Mitomycin C is an antimetabolite agent which inhibits fibroblast proliferation (2). Topical mitomycin C can be helpful in treating and preventing consequent stenosis in the laryngotracheal area (1, 6, 7). The use of mitomycin C is still controversial (6, 7). Historically speaking, the first description of glottic web repair was provided in the late 19th century, in which a bougienage was employed many times (8). This technique had limited success due to the high level of scar formation and re-stenosis. By the mid-20th century, a number of procedures were defined yet each had its own challenges. These approaches had two steps in which the exposed mucosal surfaces re-epithelialized with time. These methods were devised to keep apart the exposed mucosal surfaces, prevent scar formation and eventual recurrent webbing.

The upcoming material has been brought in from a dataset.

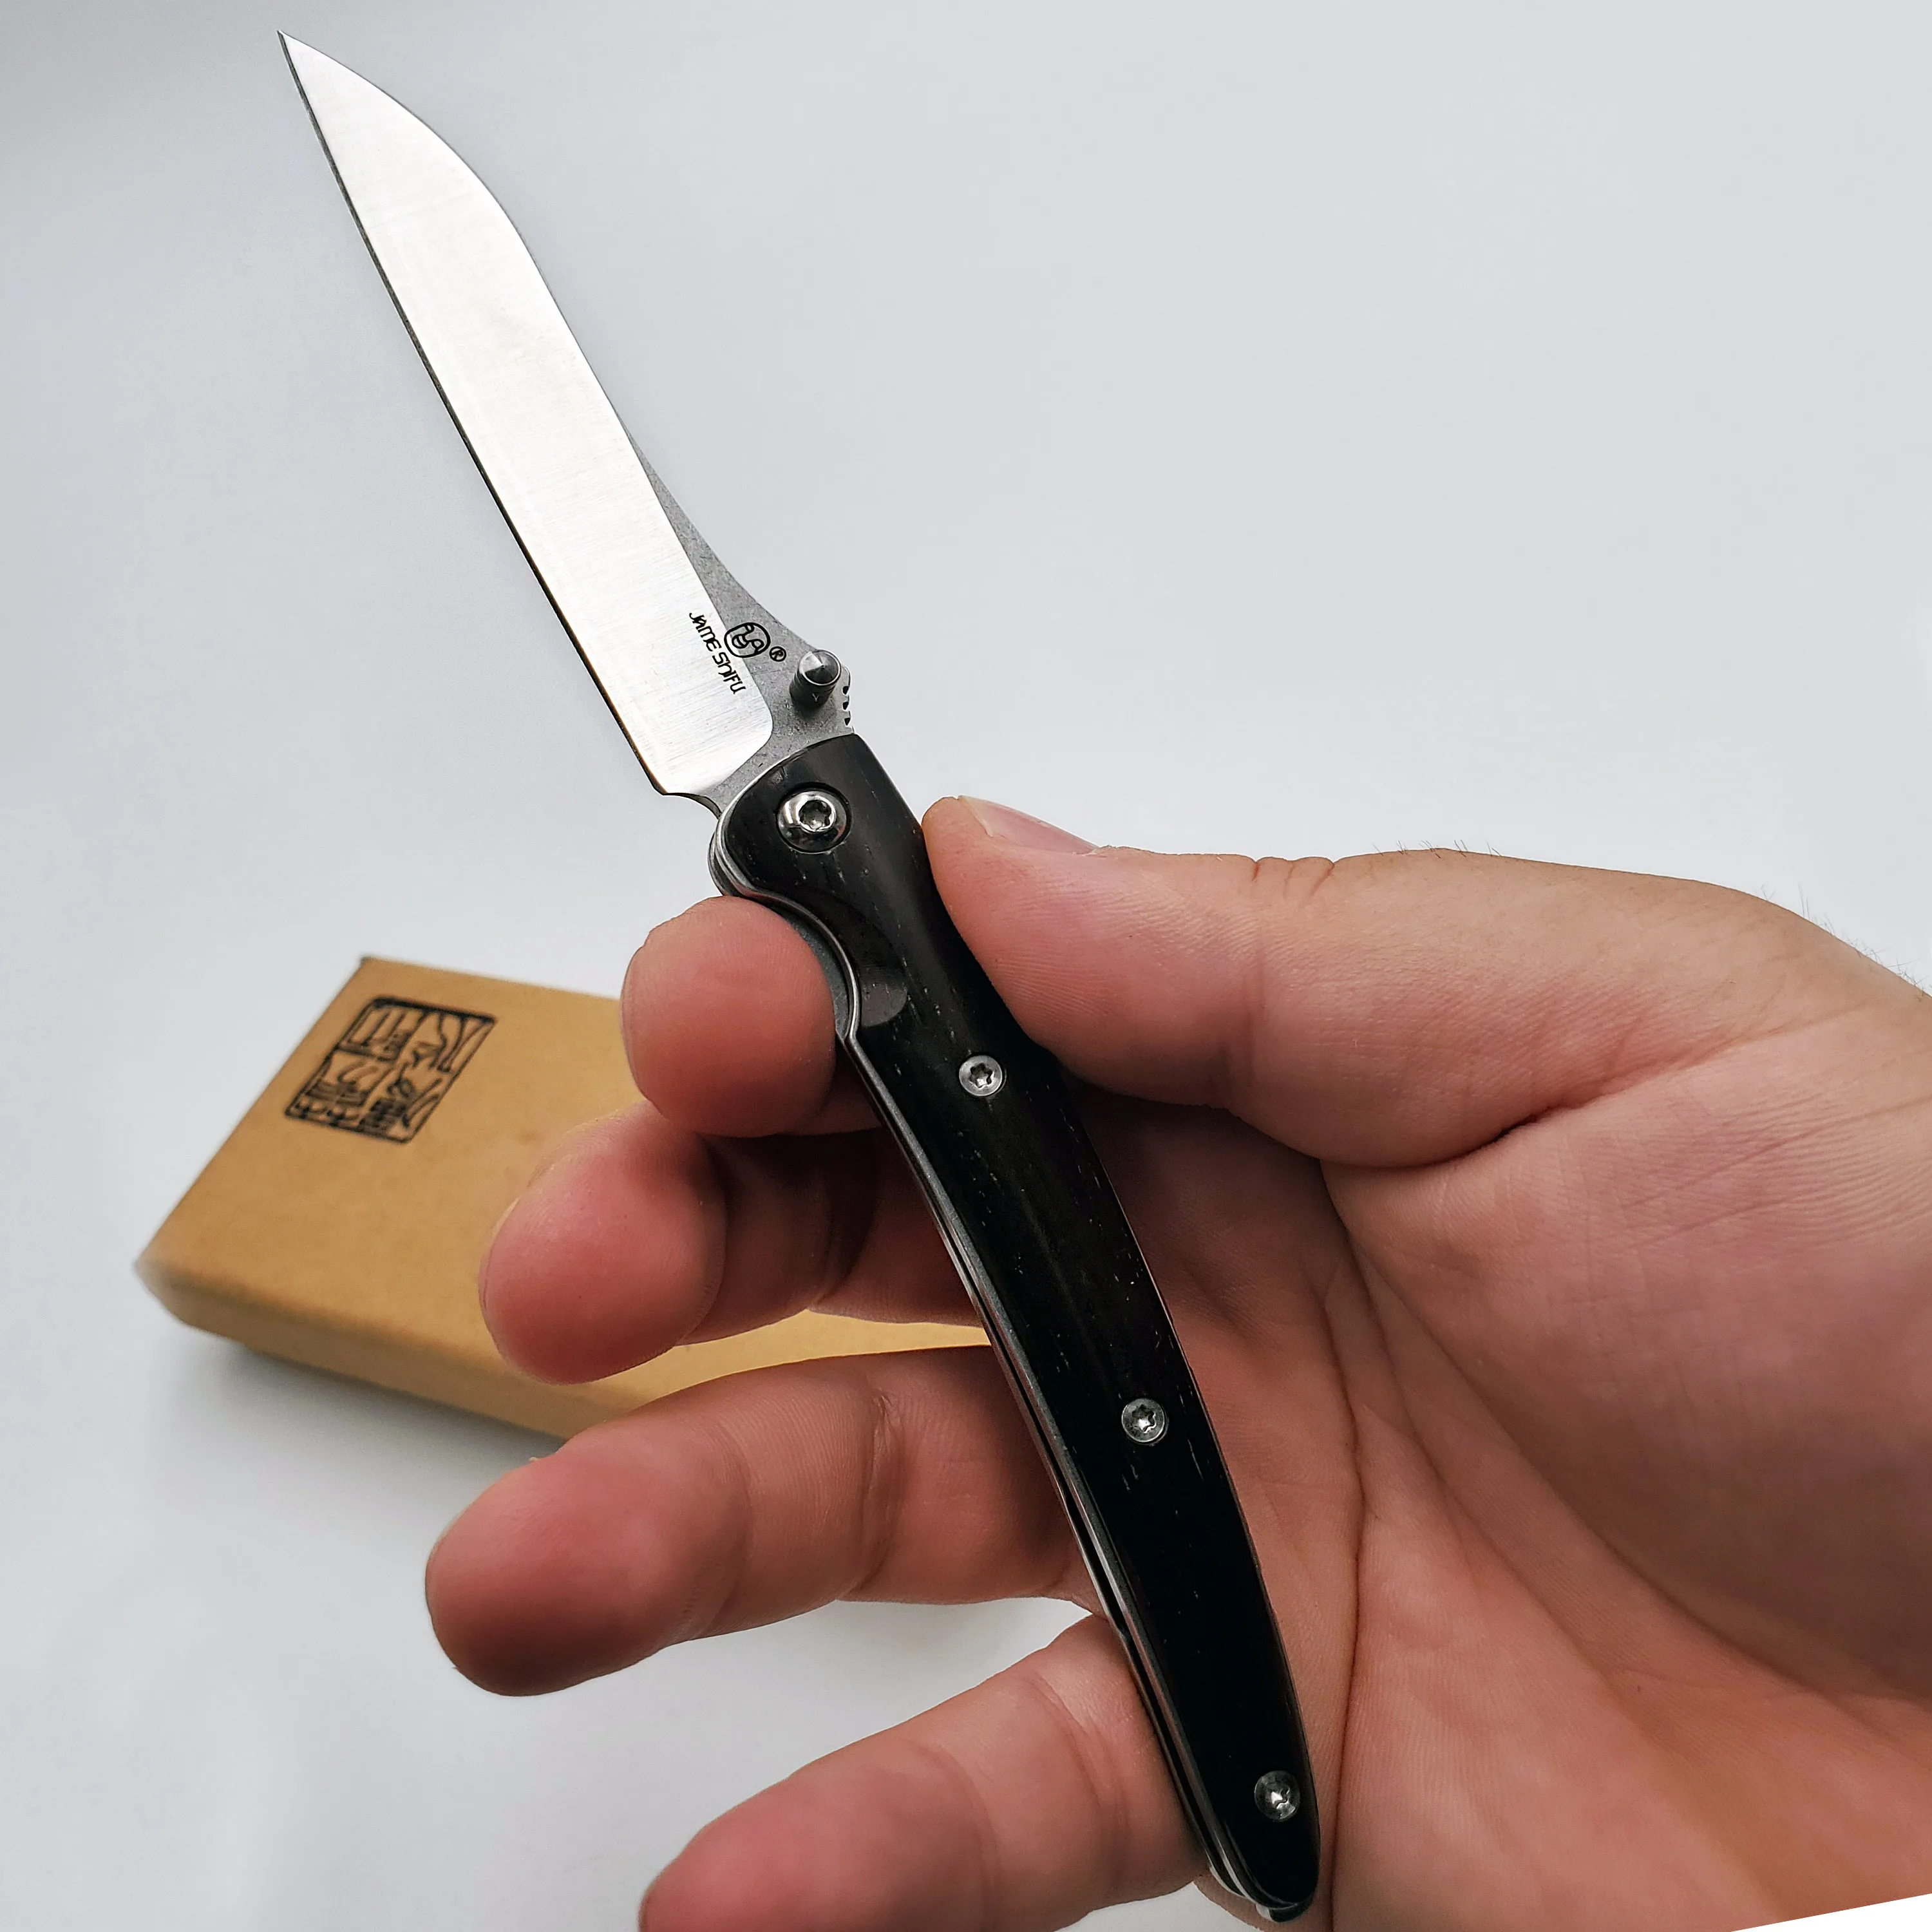 JSSQ карманный складной нож 12c27 стальное лезвие армейские тактические ножи для выживания на открытом воздухе походные охотничьи боевые ножи многофункциональные инструменты для повседневного использования

In 1950, McNaught described a method with tantalum keel placement via the laryngofissure approach as the first step of the process. The next step in the process was then done to remove the keel via the open approach (9). The main disadvantages of McNaught's technique were that it required a tracheostomy and repeated open laryngofissure procedure for keel insertion and removal (5). The endoscopic approach described by Haslinger in 1922 revolutionized the problems encountered by McNaught's technique (10). Haslinger placed a sliver plate, which was bent half-way to fit anteriorly at the site of exposure by an endoscopic approach. The plate was secured by wires through the thyrohyoid and cricothyroid membranes (10). However, due to the low success rate surgeons abandoned this method.

Metal, Teflon, silicone, and silastic keels were used over time. To overcome the difficulty in passing sutures from the airway outward through the thyrohyoid and cricothyroid membranes an endo-extralaryngeal needle carrier was used (11). A silastic keel was utilized by Liyanage et al. (12). The keel was fixed by inserting a prolene suture through the cricothyroid membrane on the right into the air passage, through the keel, and out through the cricothyroid membrane on the left. The keel was kept in place for two weeks, and during the follow-up visit, after cutting the suture externally the keel was removed with laryngeal forceps. A similar silicone keel placement method was described by Edwards et al. in 2006. A 16-gauge angiocatheter was inserted through the inferior part of the cricothyroid membrane and then through the thyrohyoid membrane to fix sutures over a silicone button on the anterior cervical skin (5). The disadvantages of the techniques mentioned above include long-term intubation and prolonged glottic stenting e.g. keels, mechanical ventilation and tracheostomy. Furthermore, the keel is a foreign body in the airway, which may dislodge and lead to airway compromise or act as a focus of inflammatory reaction or infection.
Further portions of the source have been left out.